If you were to look at the balance sheets of most Global 2000 companies, you would see many varied entries for assets such as property, cash, equipment, accounts receivable and my favorite category goodwill. Unfortunately, one item that is not seen in the asset section of the balance sheet is data. In the information age, data is every bit as valuable as property, equipment and goodwill. Low quality data, mismanaged data, redundant applications and poorly built applications prevent companies from effectively managing their other assets. For example, how can a company convert accounts receivable into cash when the accounts receivable system has transaction records with data quality issues that prevent them from becoming billable? Moreover, all of the needlessly redundant applications create a substantial cost drain on the enterprise's cash assets.
This is an especially important concept as all companies are desperately trying to increase shareholder value. Corporate executives spend endless hours looking for ways to increase their company's value as 95 percent of these executives have their compensation directly linked to shareholder value. The vast majority of chief executive officer (CEO) and chief information officer (CIO) compensation is based on the performance of the company. These corporate executives realize that shareholder value is not just tied to the assets on the balance sheet. In fact, a great deal of shareholder value is achieved through nonphysical measures (e.g., intellectual capital, customer loyalty, brand recognition, etc.). Moreover, CEOs and CIOs are using successful technology implementations as trophies to improve shareholder value by enhancing their company's reputation as a technological leader in their industry and by attracting better employees that want to work for sophisticated organizations.

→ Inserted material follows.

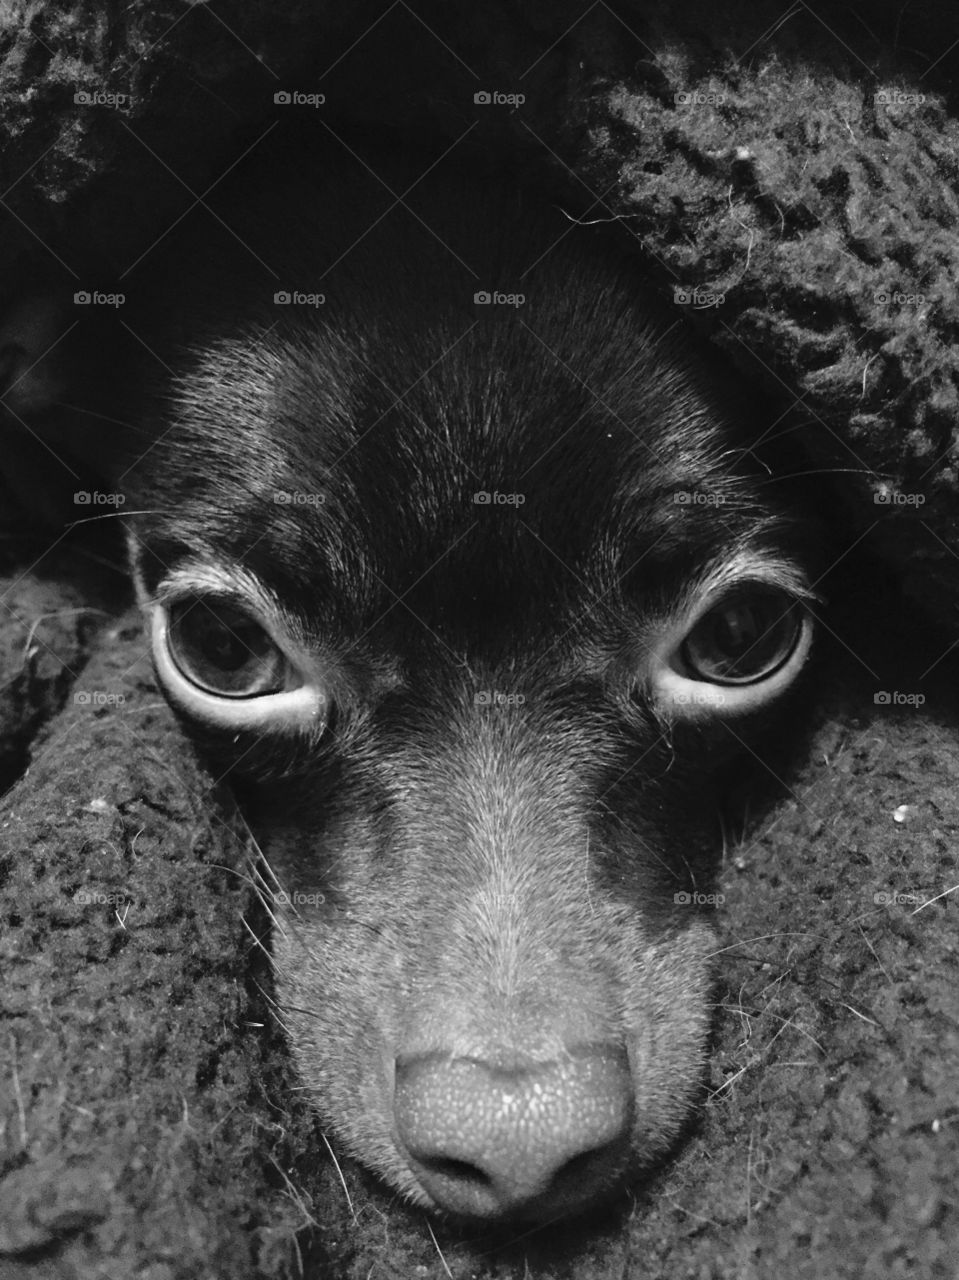 Puppy eyes . Puppy under a blanket with sad eyes

Understanding and leveraging technology is critical for any enterprise, and most organizations have built systems to manage almost every aspect of their business. Corporations have built payroll, accounts receivable, order entry, marketing campaign management, human resources, logistics, invoicing systems and even systems to track the placement of office furniture and employee holidays. The average company spends 5.3 percent of its revenue on information technology (IT) systems (see Figure 1).
Figure 1: IT Spending By Industry
This means that a company with $1 billion in revenue spends, on average, $53 million on its IT systems. There are even several Fortune 100 companies whose IT budgets approach or exceed $1 billion. Despite this massive investment, most companies do not have an application to systematically manage these systems.
We build systems to manage every aspect of our business, except one to manage the systems themselves. While spending these exorbitant amounts on IT, most companies still do not value data as an asset, whether on the balance sheet or in the boardroom. For example, most companies' IT development processes can best be described as piecemeal. Most corporations build systems through "heroic effort." A group of developers and business users get together to implement a new application (e.g., data warehouse, customer relationship management, enterprise resource planning, etc.). The "heroes" then embark on a perilous journey to understand their existing convoluted systems' architecture, work many long hours, make business assumptions with little or no common business understanding, and then hope that their efforts will be successful. This situation explains why the vast majority of large IT initiatives fail at a 60 to 75 percent rate. Even those initiatives that are successful may not be repeatable, meaning that the application development process is not in place and the standards for building the application have not been formulated or documented. At most companies, repeatable IT processes are repeatable only within a single group of developers. Thus, the work and effort cannot be transferred to other groups within the company so that the success can be duplicated. Even with this failure rate being so high and the investment in IT being so great, most companies still do not manage their applications in a systematic fashion.
The system that manages a company's systems is a meta data repository. A meta data repository catalogs all of the applications, data, processes, hardware, software (technical meta data) and business knowledge (business meta data) possessed by an organization. This information (meta data) can then be utilized to identify redundancies and to eliminate duplication that already exists. A world-class meta data repository dramatically improves data quality by providing a full understanding of the data. Because it centrally and completely documents all data and applications, a meta data repository is absolutely essential for repeatable and transferable IT processes. Business executives are beginning to realize the importance of managing their data as an asset and thus look to the meta data repository as the key technical solution for data asset management.